What to produce - Would you transcribe the whole listing exactly, minus its pictures?

Information provided -

------

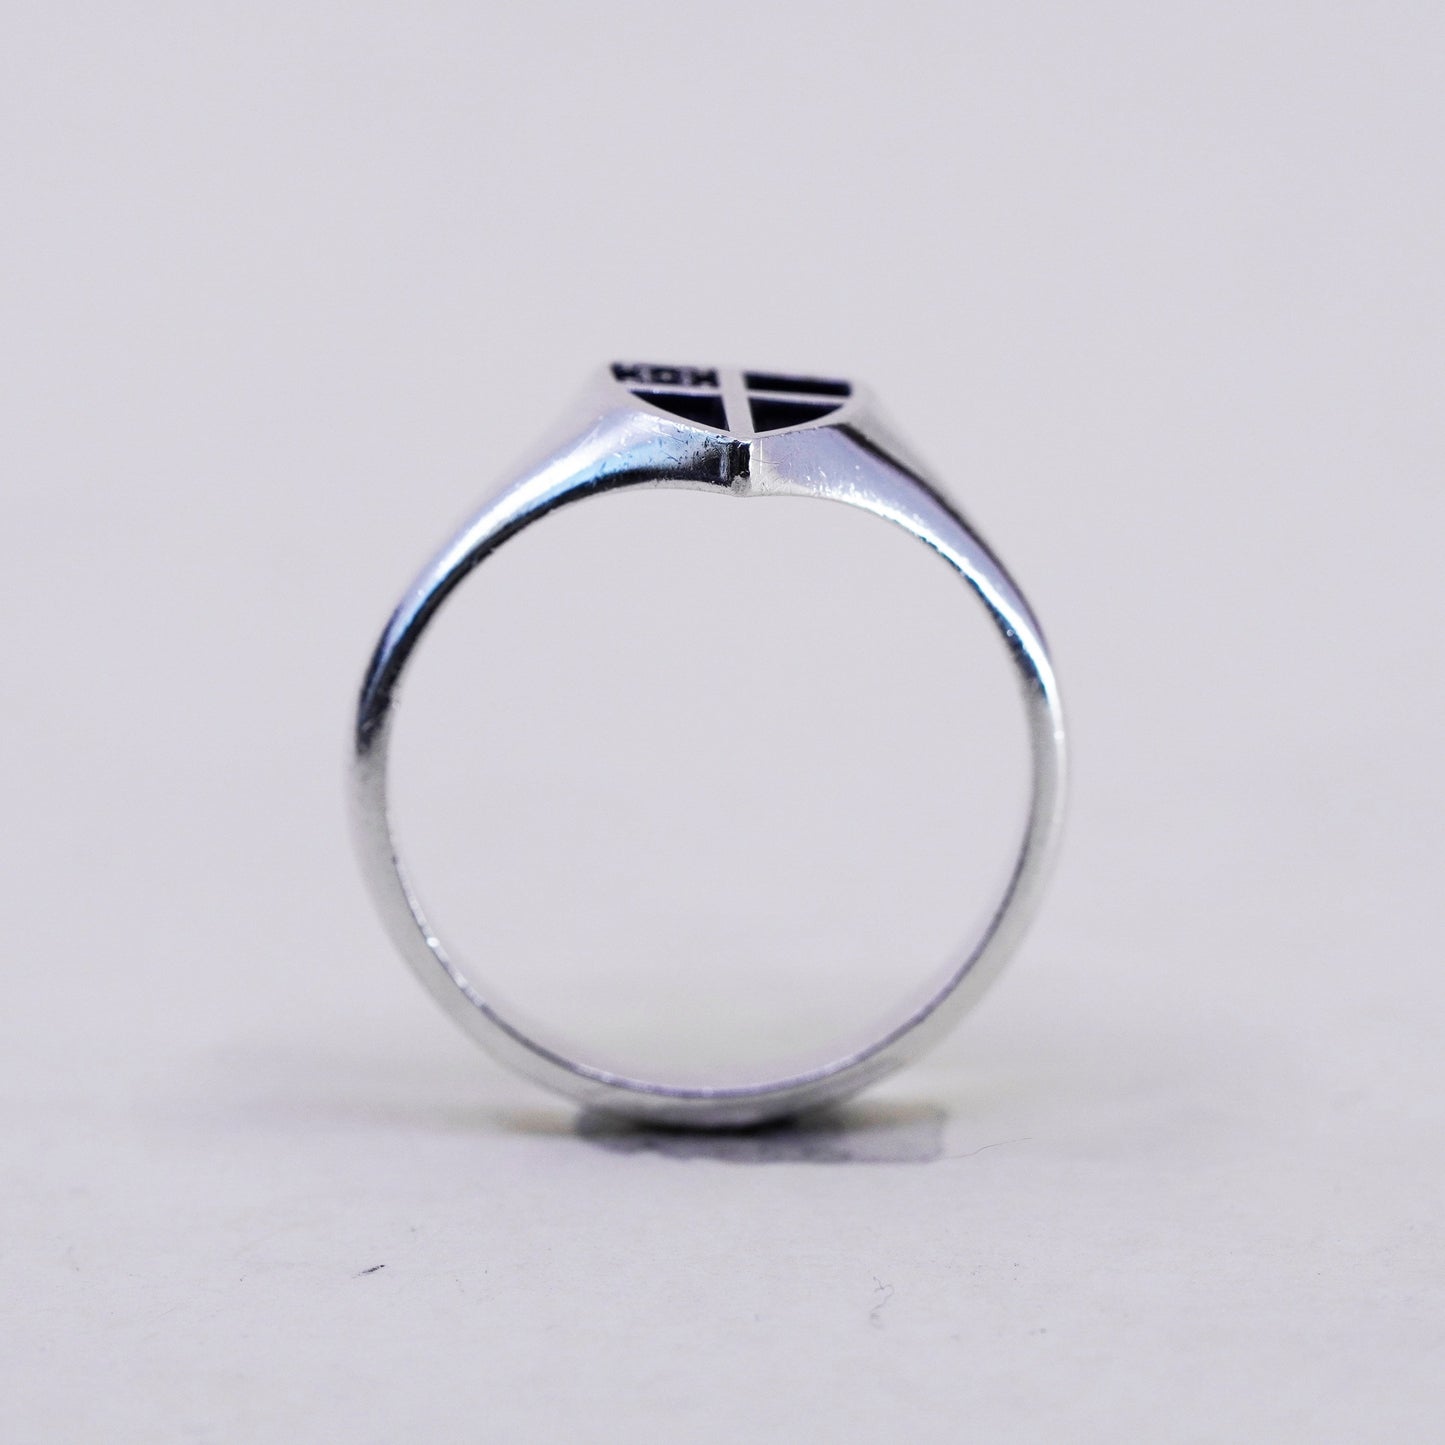 Size 10.75, vintage symbol Art sterling 925 silver handmade shield band ring
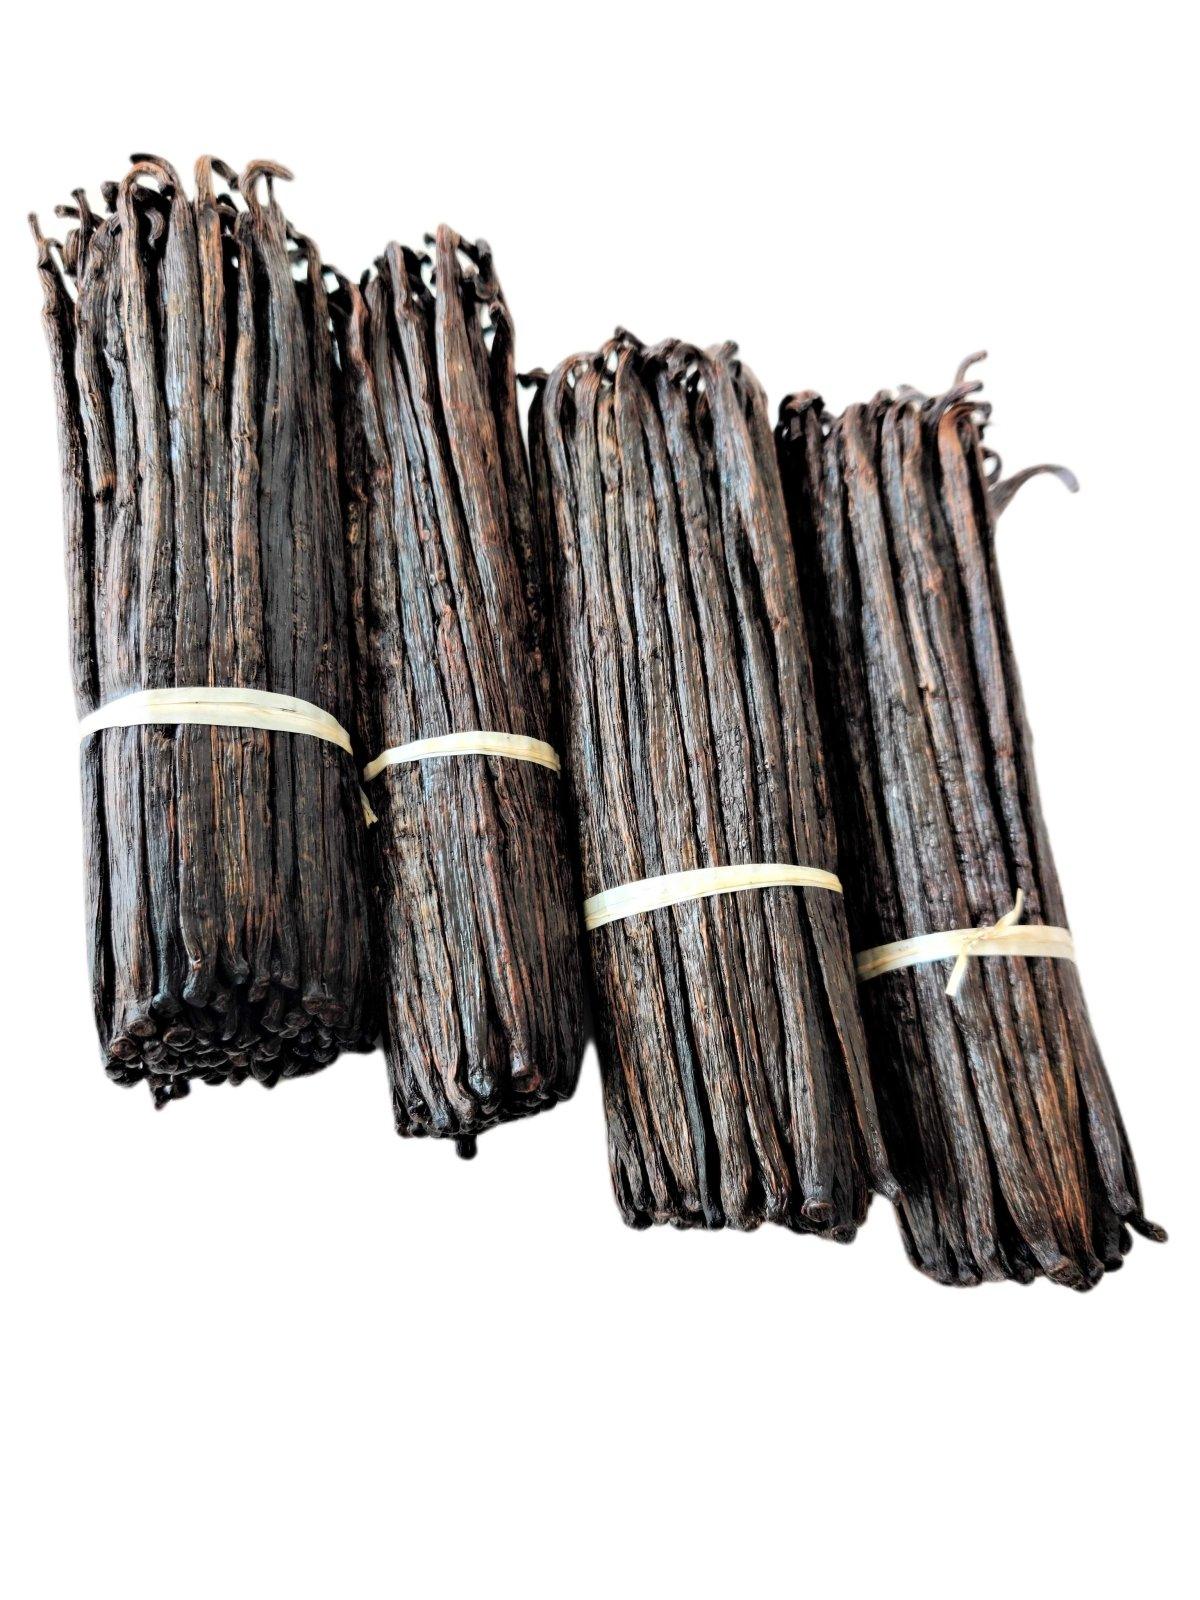 Madagascar Bourbon Extract Vanilla Beans Grade-B <br>For Extract Making<BR>1oz, 3oz, 5oz, 10oz, 20oz, 30oz
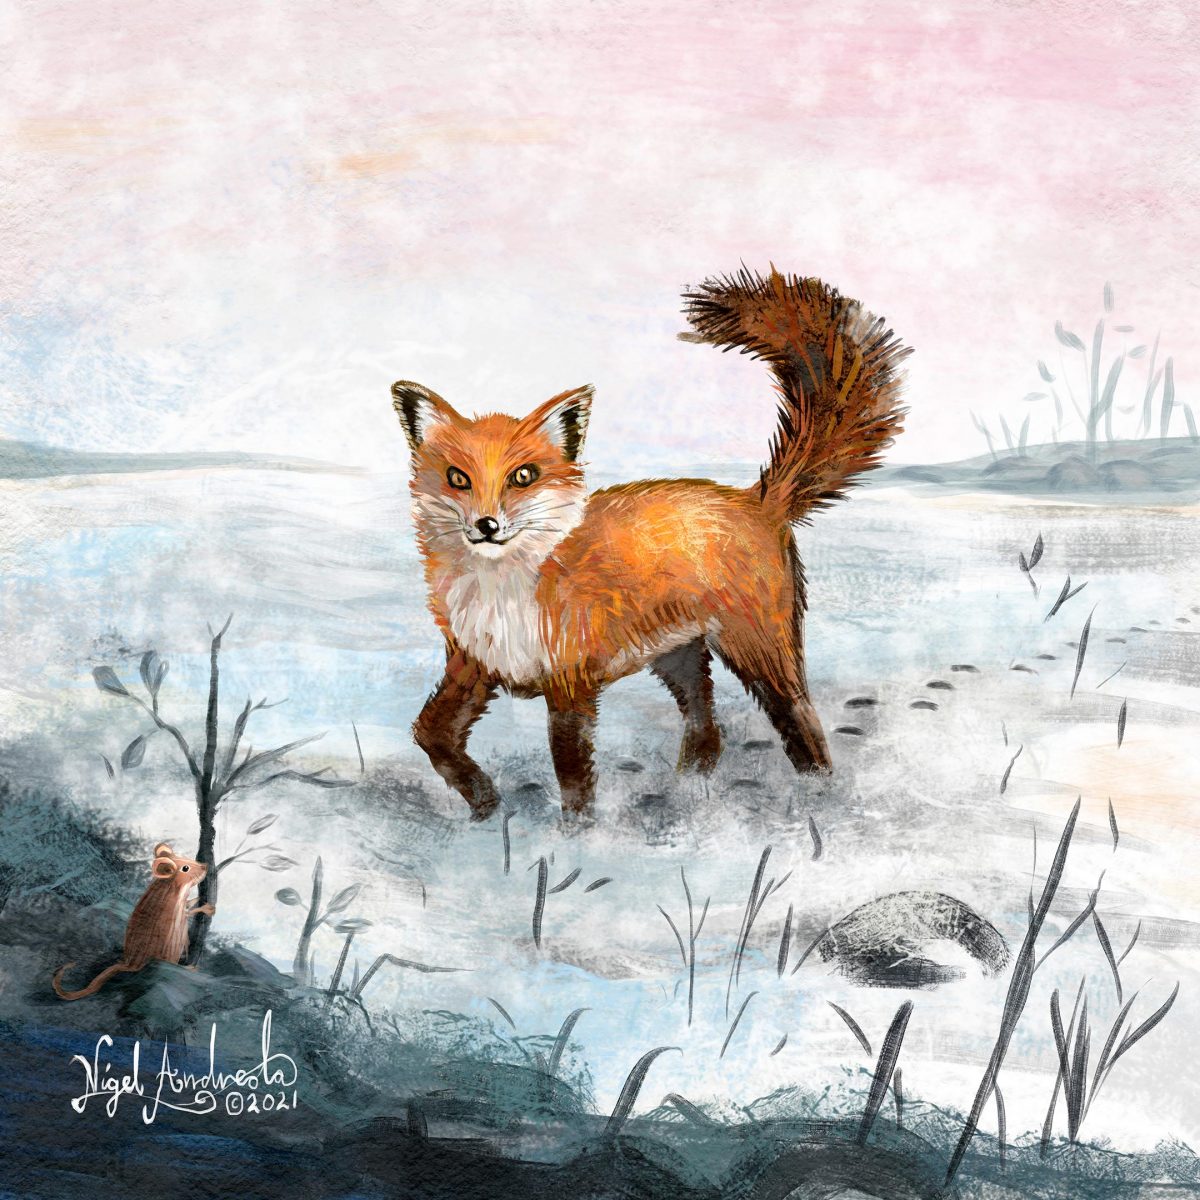 Fox Tracks album cover by Nigel Andreola

------

Solution to the problem -
 Size 10.75, vintage symbol Art sterling 925 silver handmade shield band ring
 Madagascar Bourbon Extract Vanilla Beans Grade-B <br>For Extract Making<BR>1oz, 3oz, 5oz, 10oz, 20oz, 30oz
 Fox Tracks album cover by Nigel Andreola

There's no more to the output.